Diokles put the best face on it he could: “Nobody’s ever been able to prove anything bad about Teleutas. Everything he does, there’s always a good reason for it, or there always could be one, anyway. Otherwise, you wouldn’t have let him ship with us last year, let alone this year.”
“It could be,” Menedemos admitted. “Yes, it could be. But when he’s one of forty-odd men aboard the Aphrodite, that’s one thing. When he’s one of four Hellenes in the middle of nowhere, that’s something else-or it’s liable to be something else, anyhow.”
Diokles didn’t argue with him. He wished the keleustes would have. He wanted to think he was wrong, not that he was right. What Diokles did say was, “While your cousin’s traveling, what will you do?”

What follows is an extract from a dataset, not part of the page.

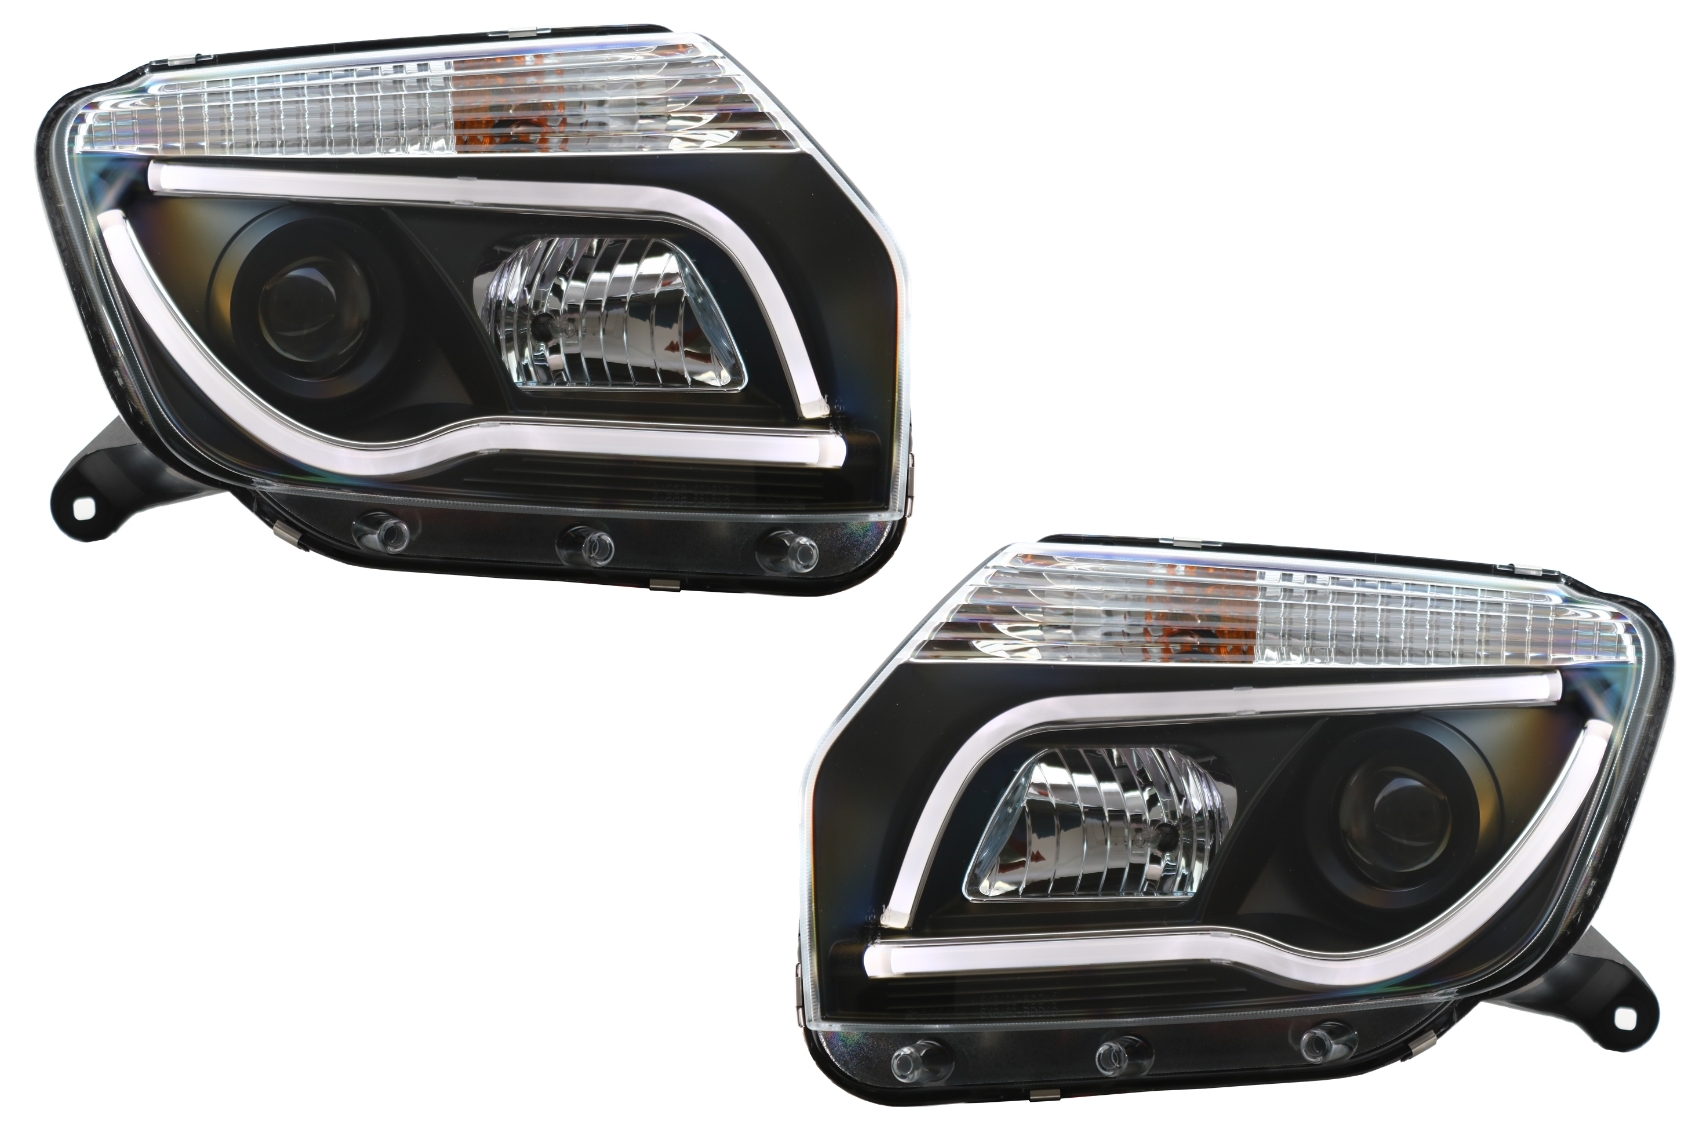 Dacia Duster I (2009-2014) Tube Light Bar Black Edition modellhez használható LED-es fényszórók
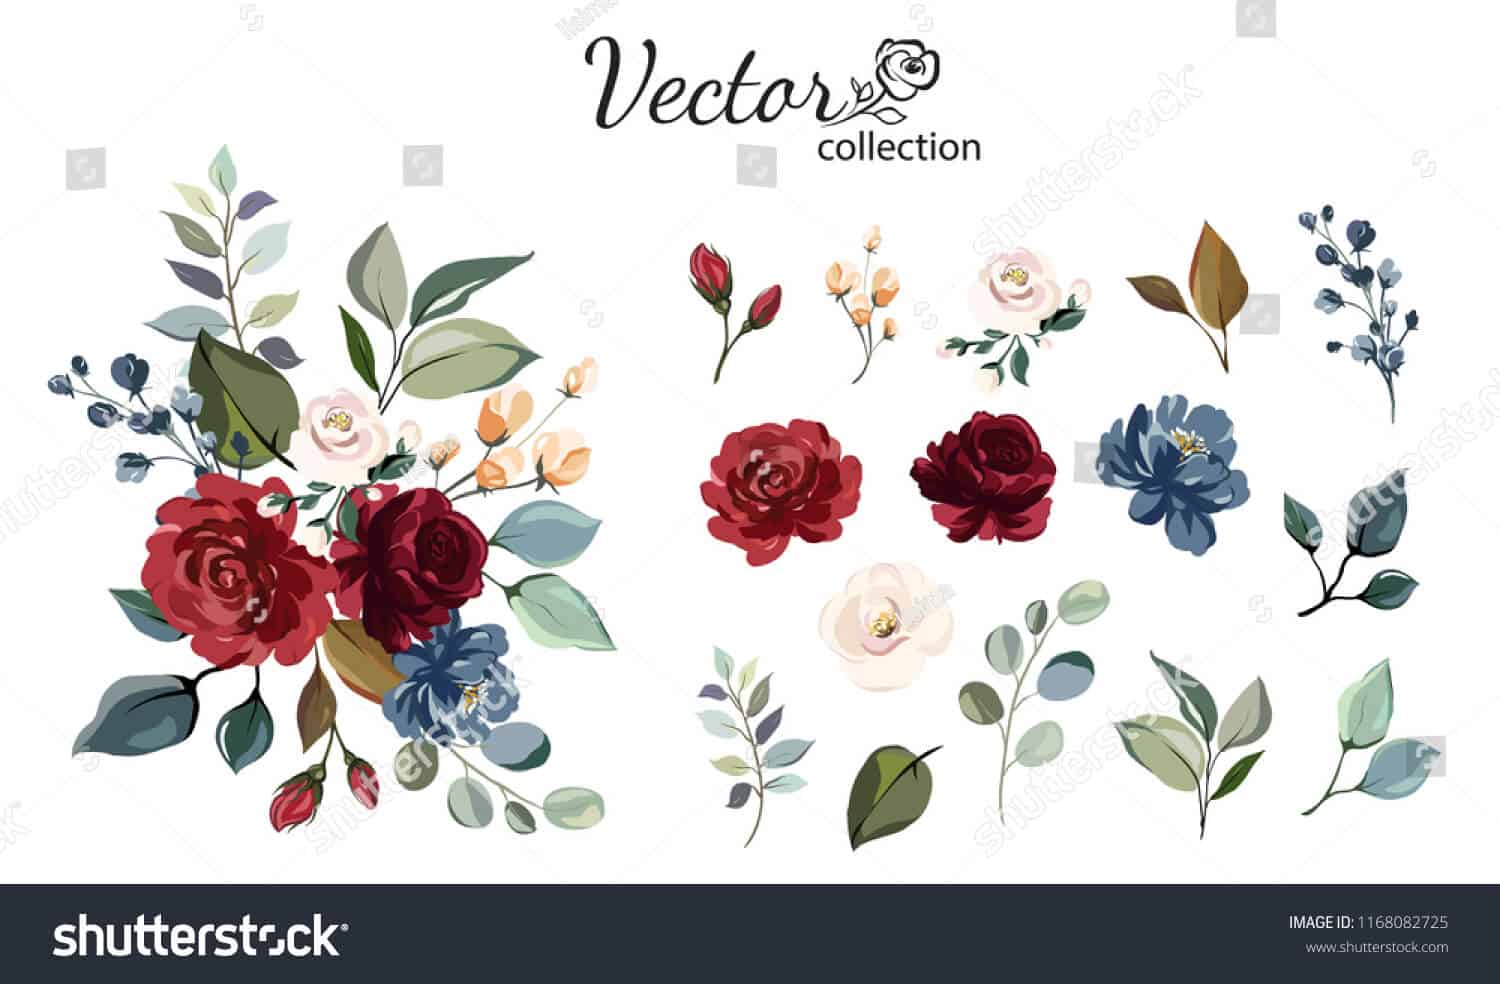 28 triệu hình ảnh hoa chất lượng cao dành cho ngày 8/3 trên Shutterstock

“The best I can,” Menedemos answered. “Gods only know how I’m going to unload the olive oil we’re carrying, but we’ll see about that. I do have hopes for the rest of the food and the perfume and the silk and especially the books. Sostratos was clever there. I wouldn’t have thought of them by myself, and we’ll make a fine profit from them-or I hope we will.”
“That’d be nice,” the oarmaster said agreeably. “How do you propose to go about selling ‘em, though? You can’t just take ‘em to the market square. Well, I suppose you could, but how much good would it do you? Mostly Phoenicians there, and they won’t care anything about our books.”
“I know. I’ve been thinking about that,” Menedemos said. “What I have in mind doing is…” He explained. “What do you think of that?”
“Not bad, skipper.” Diokles grinned and dipped his head. “Matter of fact, not half bad. I’d love to see you when you bring it off, I would.”
“Well, why don’t you come along?” Menedemos said.
“And who’d keep an eye on the ship if I did?” Diokles asked. “If your cousin were here, if Aristeidas were here, even, that’d be different. But the way things are, I think I’d better stick around when you’re away.”
Menedemos clapped him on the back. “You’re the best keleustes I’ve ever known. You ought to have a ship of your own. I’m sorry things haven’t broken the way they might have for you.”
With a shrug, Diokles said, “One of these days, maybe. I’ve had the same thought. I’d like to be a captain. I won’t say any different. But things could be a lot worse, too. If I hadn’t been lucky, I’d still be pulling an oar somewhere.” He held out his hands, palms up, to show the thick rower’s calluses they still bore.
In a way, Menedemos admired the oarmaster’s patience and willingness to make the best of things. In another way… He tossed his head. When he was unhappy about how life treated him, everybody around him knew he was unhappy. Sometimes that only succeeded in annoying everybody. More often, though (he thought it was more often, anyhow), letting people know what he wanted and that he wouldn’t be satisfied till he got it helped him get it. He wondered whether he ought to tell Diokles as much. After a moment, he tossed his head. He doubted Diokles was one who could profit from the advice.